丑的人神共愤?丑的天怒人怨?丑的惊天地,泣鬼神?

都说容貌分三种,一种来自天上,一种来自人间,一种来自阴间,那么他,应该属于哪种?

这,这也太巧合了吧,说丑男,丑男到。

我的眼神不自觉的看向门外,寻找着那个老太婆的身影,可是那刚才还呼呼大睡的人,不知道什么时候不见了踪迹。

初到‘御风’

秋高气爽,微风顺着撩起的帘子柔柔的送入,我舒坦的眯起了眼睛。

一路上,我美其名曰抱着小爷舒坦,钻进了马车里逍遥快活,实则抱着那一堆‘千机堂’给的资料狂啃一通,直到把所有的东西几乎一字不落的全部印进脑袋中,才双手一搓,将他们碎成片片,飞出窗外。

自从回到‘云梦’,我几乎没有过停歇,忙着算计,忙着出使,不知不觉自己早已经深陷在这棋局中,成为棋子的一部分,每一步都被人无形的推着,而这一次是去‘御风’,为了两国之间的联手去拜见一国之君兰陵落。

一双馨香的臂膀从旁边伸了过来,让我在他怀抱里枕着,我动了动,舒服的叹息着,“子衿,你真好。”

腿,架在谁的膝头,有力的手指一下下的捏着,从指间透着一股暖流渗入我的肌肤里,酥软了我的骨头。

是流波吧。

“有你们在,真好!”我微笑着,心头因他们的存在而温暖。

“真的吗?”耳边,是子衿的声音,由温柔突然变的冷漠,“可是我们不想跟着你了,你一个人好好的过吧,我们走了。”

“什么?”我拉拽着子衿的身体,却发现自己轻飘飘的使不出一点力气,可他的力量去大的惊人,轻轻一挣,已经从我的指缝中抽出臂弯,冷冷的看着我。

他的身后,站着流波,嘴角弯着不屑,正眼也不看我一眼,“跟着你,只会让我们受苦,你会害了我们的,说不定哪一天就死于非命了。”

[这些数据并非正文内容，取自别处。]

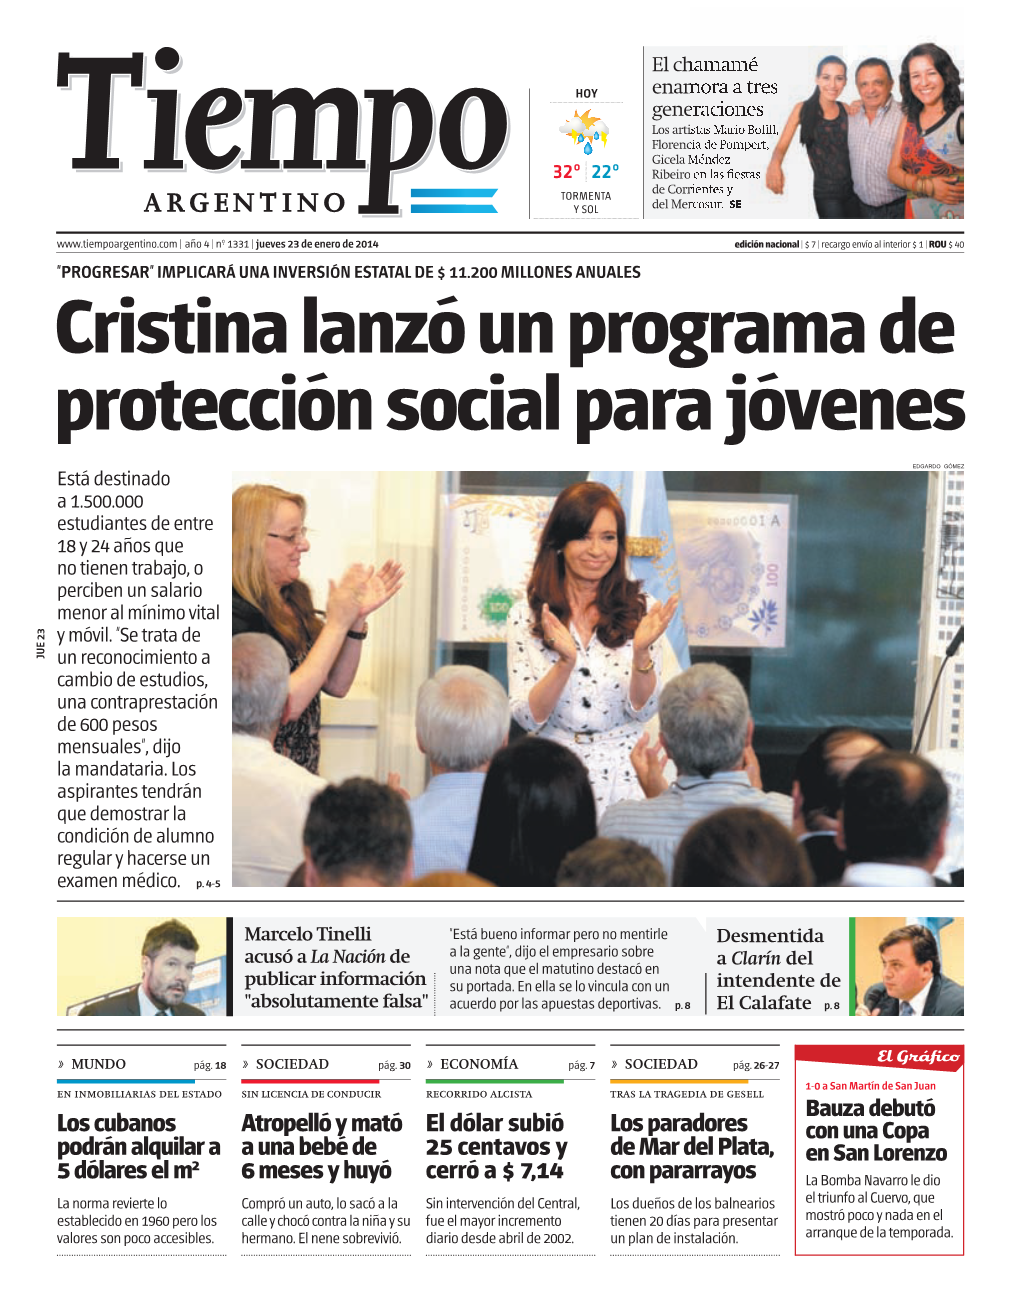 Cristina Lanzó Un Programa De Protección Social Para Jóvenes
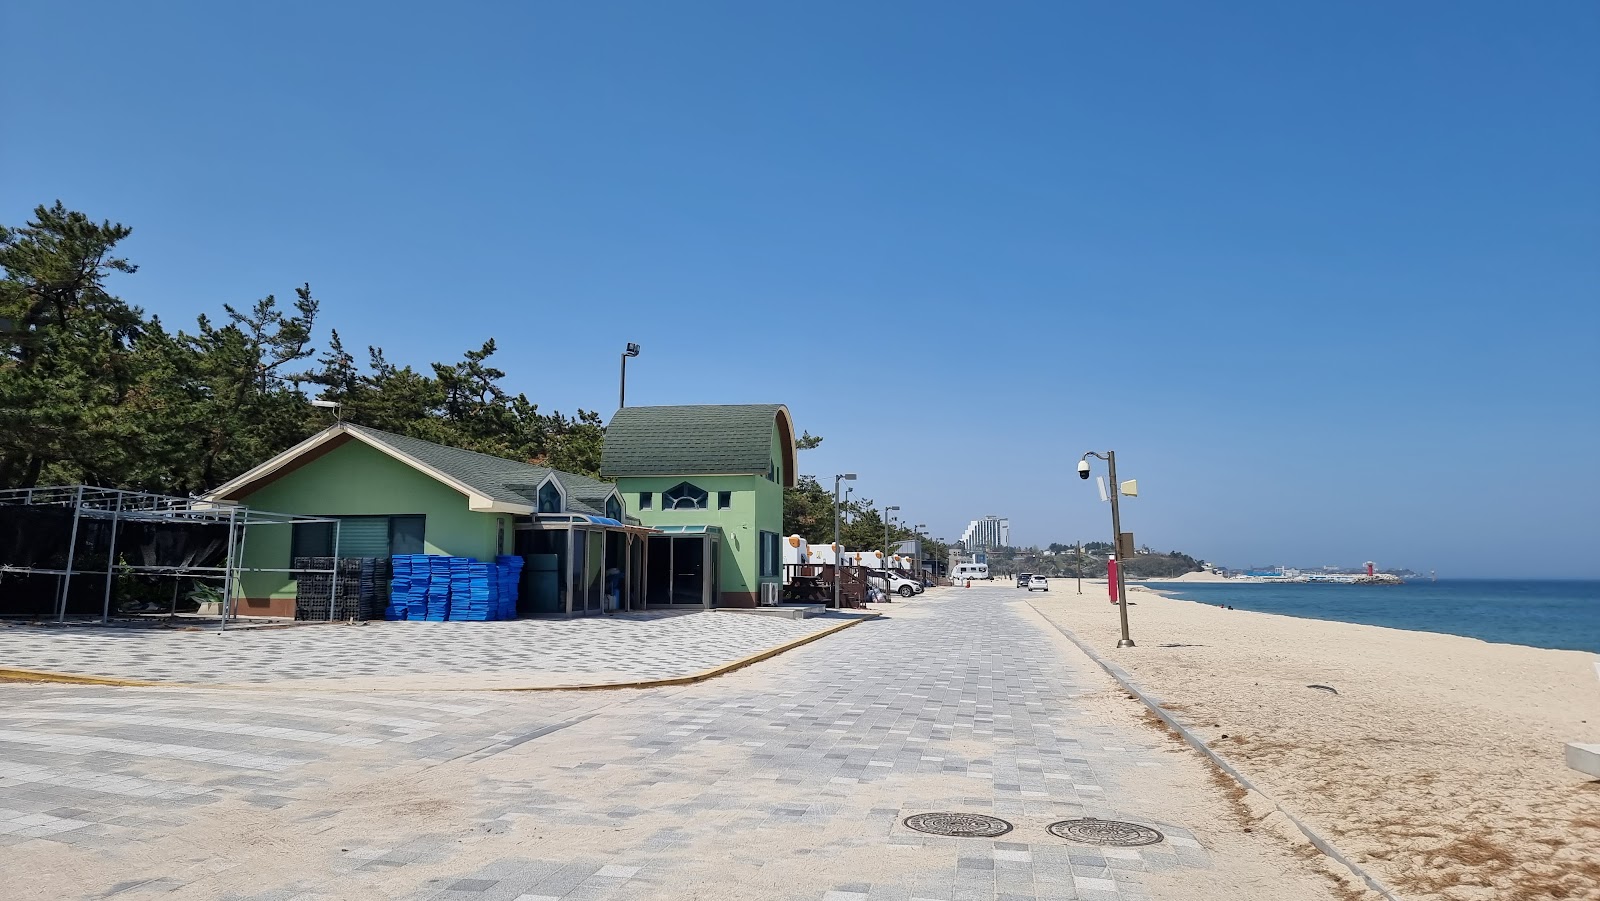 Photo de Yeongok Beach - endroit populaire parmi les connaisseurs de la détente

我疯狂的摇着头,抱着他们,“不会,不会的,我不会让你们死的,我会保护你们的。”

“扑”一柄剑尖从流波的胸口透出,带着暗红色的血,滴答着,他的身体慢慢的软到,我想抱,却发现他的身体穿越了我的手指,倒落尘埃,眼中尽是痛苦之色。

他的手,沾满红色的血,慢慢的指向我,“都是你害的,是你的命运受到了老天的诅咒,牵累了我们,为什么死的不是你,不是你?”

“是啊,为什么死的不是你?”子衿的脸,扭曲着,手中不知道什么时候多了把刀,直直的刺向我,“都是你害的,你害了我们”

“子衿,不要!”我一声大叫,猛的抱向他,“我不会害你们,我不想害你们的,不要离开我,不要”

身体被一股大力搂住,熟悉的清香袭向我,压制着我的狂乱,“楚烨,怎么了?怎么了?”

眼前是子衿和流波古怪的脸,流波抓着我的手,制止我乱挥,子衿则是抱着我,不断的拍着我的后背,“是不是做噩梦了?看你一头的汗。”

噩,噩梦?

刚才那一切都是梦吗?

我看看自己的手,雪白无暇,再抓着流波,摸索着他的胸膛,温热硬朗,没有半死的伤痕,我终于长长的吐出一口气,委顿的靠着车厢壁,闭上眼睛,让自己的心绪平静。

“你是不是最近太劳累了?”子衿手中的丝巾擦过我的额头,“一直奔波,你都没有好好的休息过,手上的伤都没好。”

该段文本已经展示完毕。